**DESCRIPTION OF THE TASK:** Set the listing down again in full, word for word, with the pictures left out.

**PROVIDED DATA:**
===============

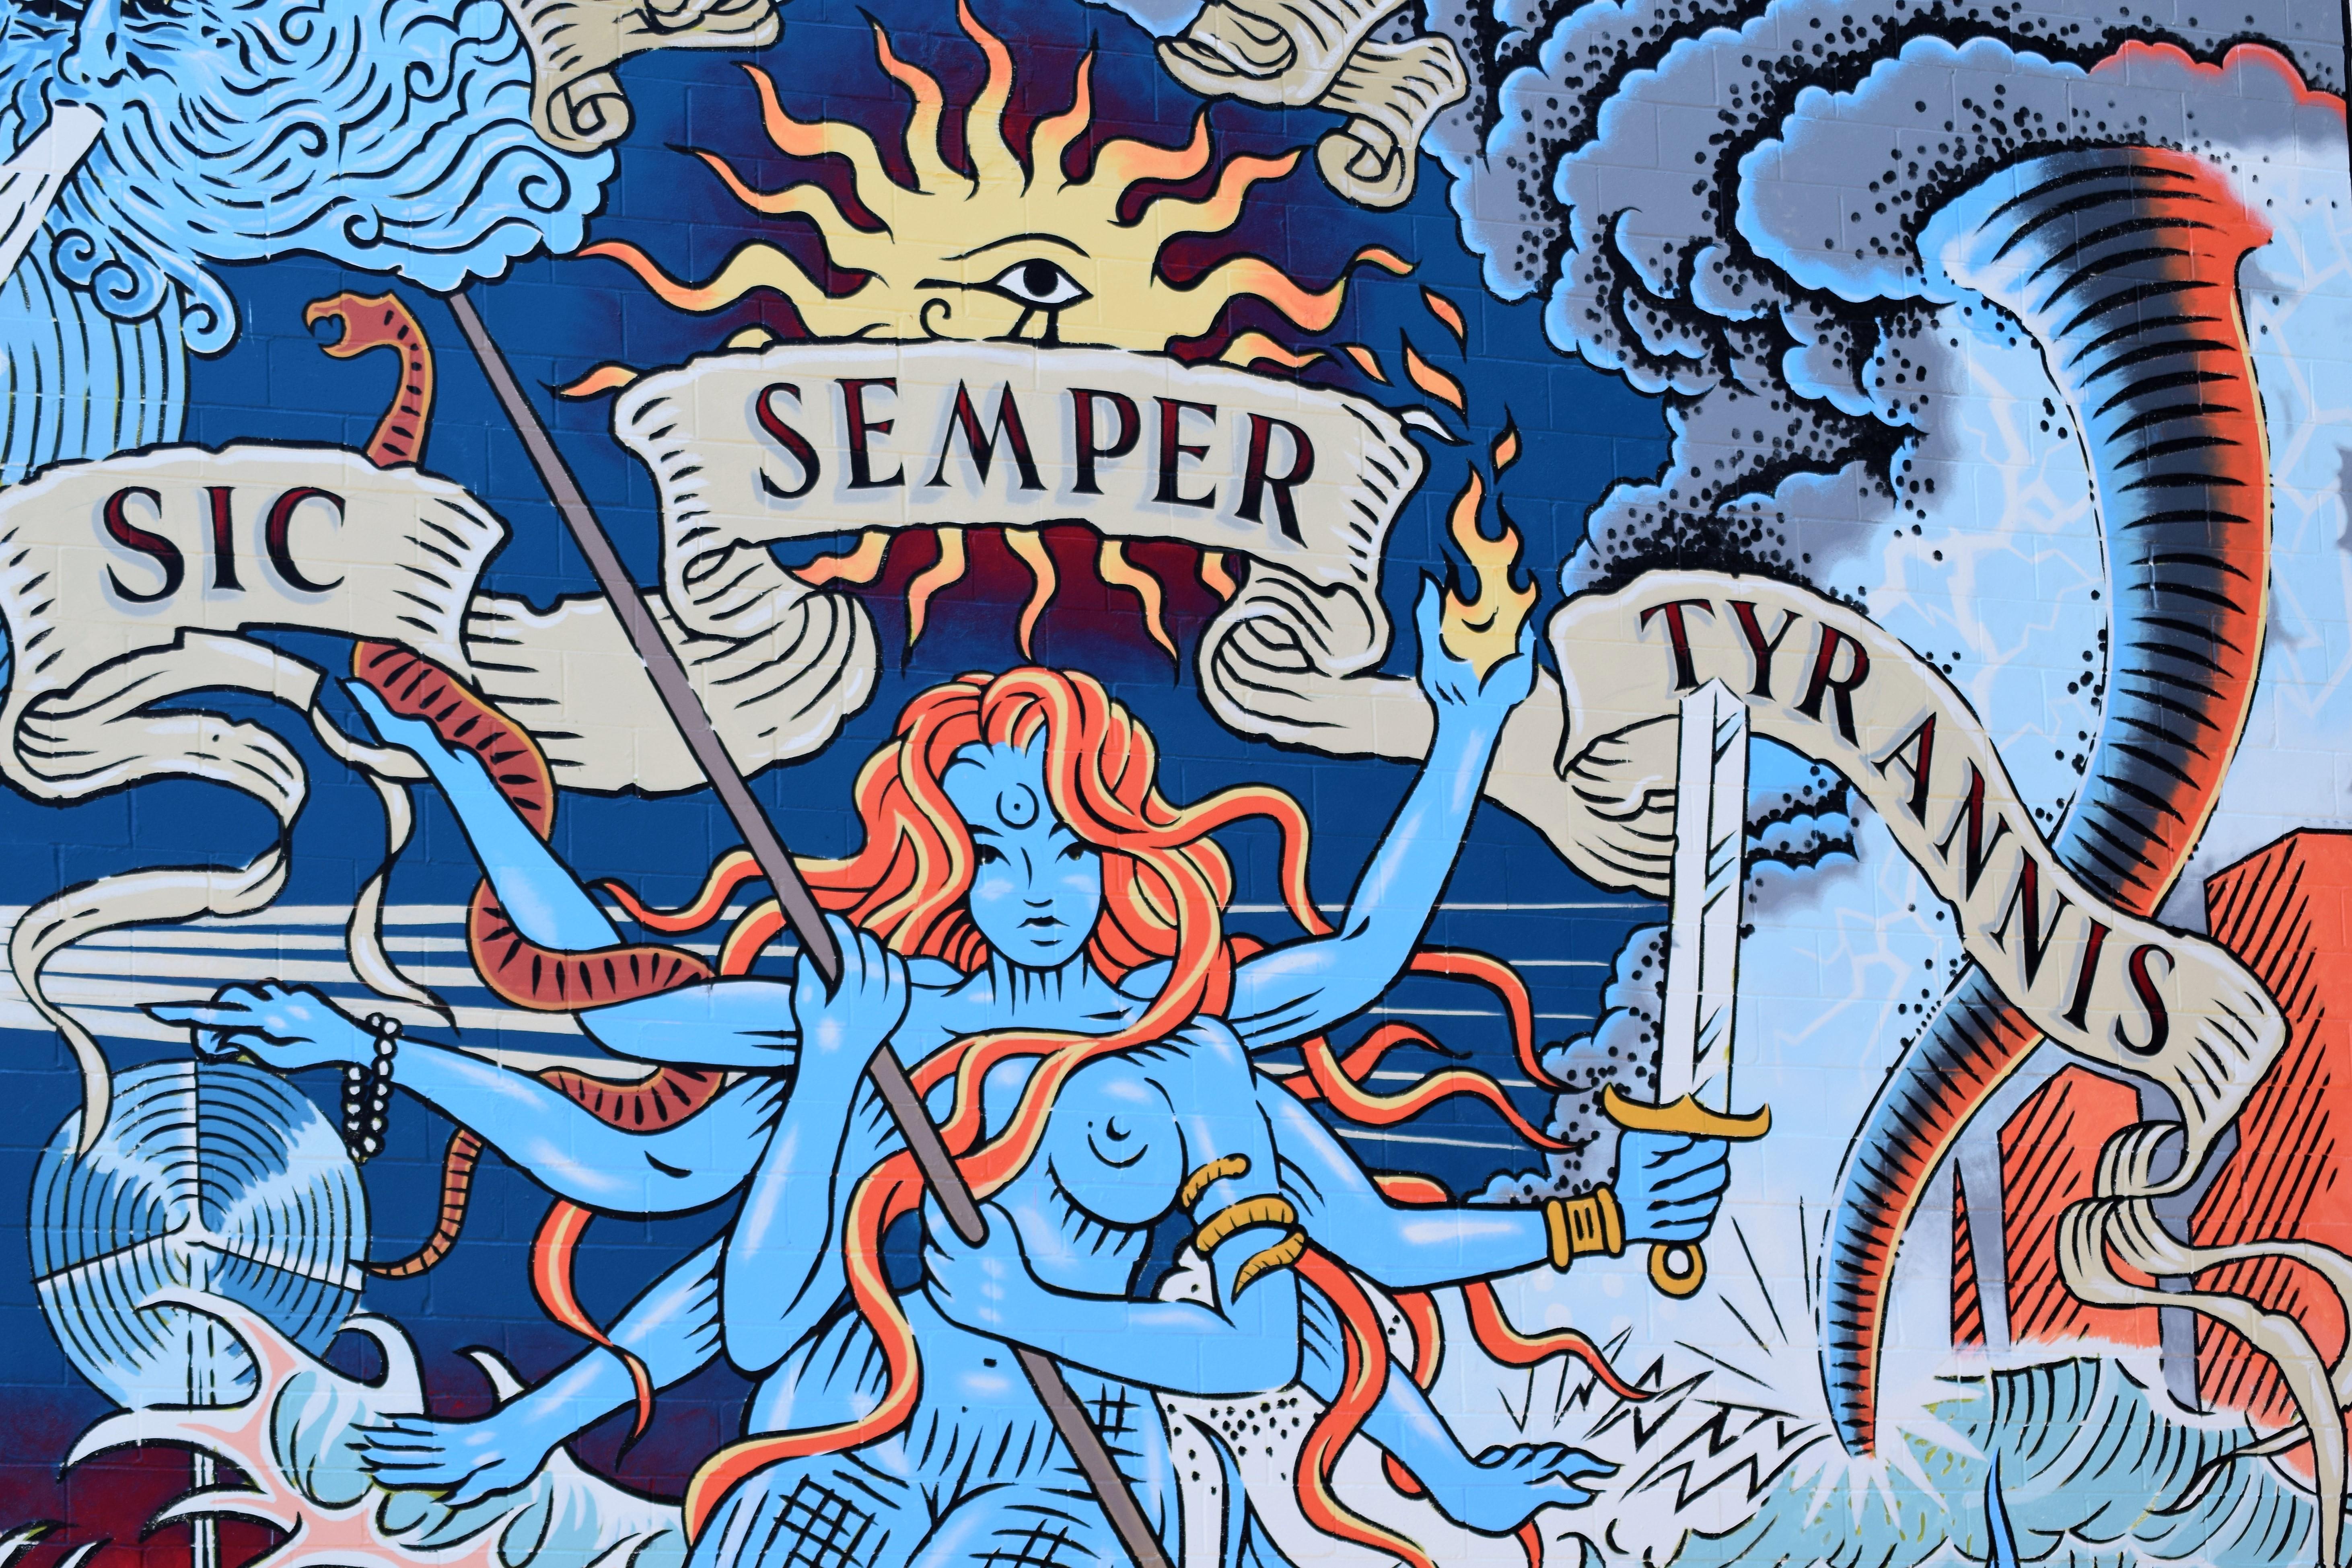 Virginia is for [Mural] Lovers - 1701 - Virginia Beach Coworking in
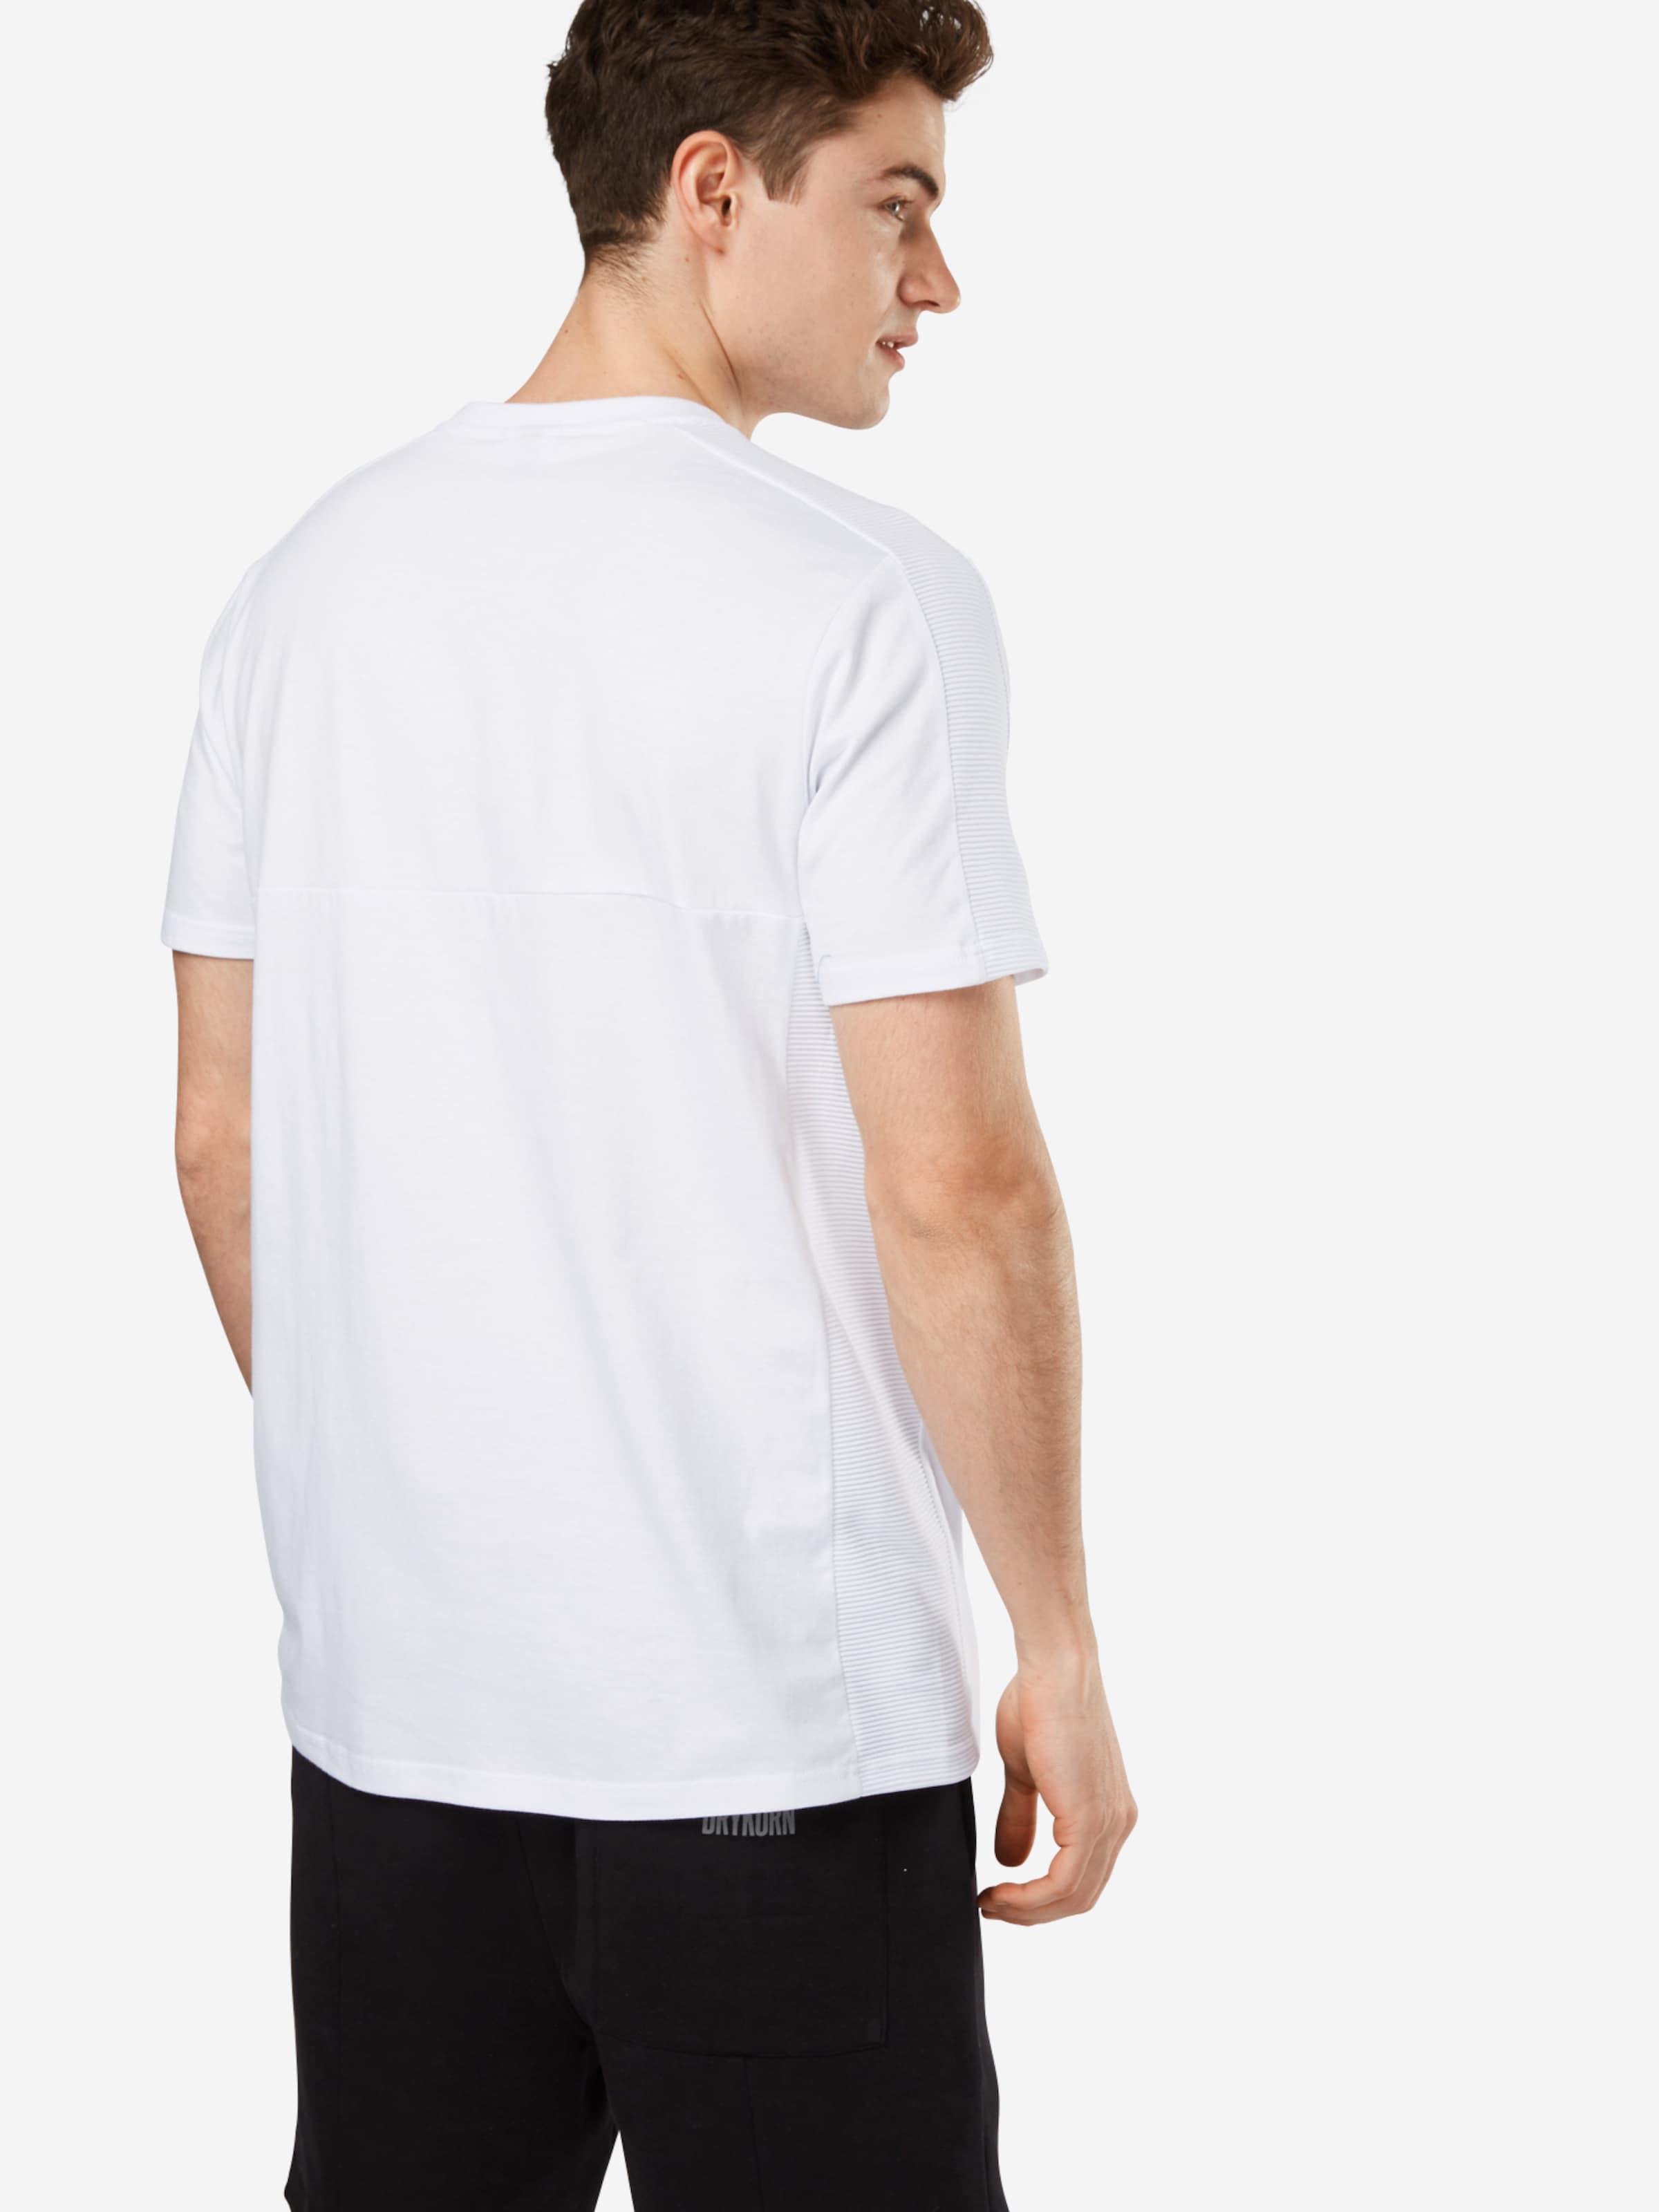 ELLESSE T-Shirt 'BOMA' Billig Manchester Billig Authentisch Auslass Freies Verschiffen Großer Verkauf Günstig Kaufen Klassisch YwrxnGZ6D
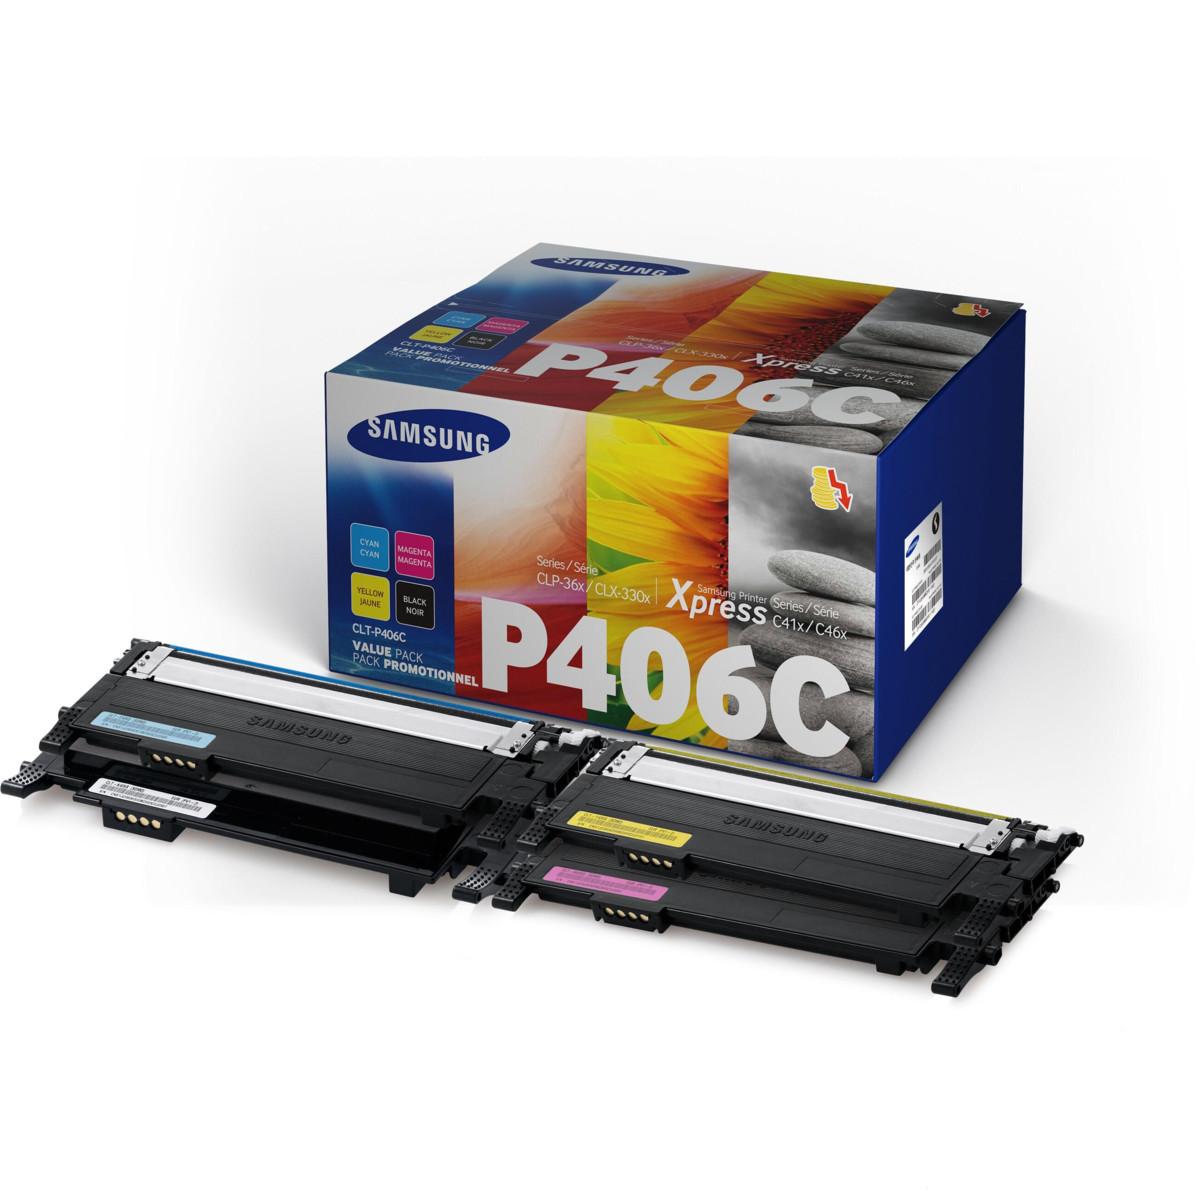 Toner Samsung CLT-P406C, HP SU375A - originálna sada tonerov (Multipack CMYK)

===============

**PROBLEM SOLUTION:**
 Virginia is for [Mural] Lovers - 1701 - Virginia Beach Coworking in
 ELLESSE T-Shirt 'BOMA' Billig Manchester Billig Authentisch Auslass Freies Verschiffen Großer Verkauf Günstig Kaufen Klassisch YwrxnGZ6D
 Toner Samsung CLT-P406C, HP SU375A - originálna sada tonerov (Multipack CMYK)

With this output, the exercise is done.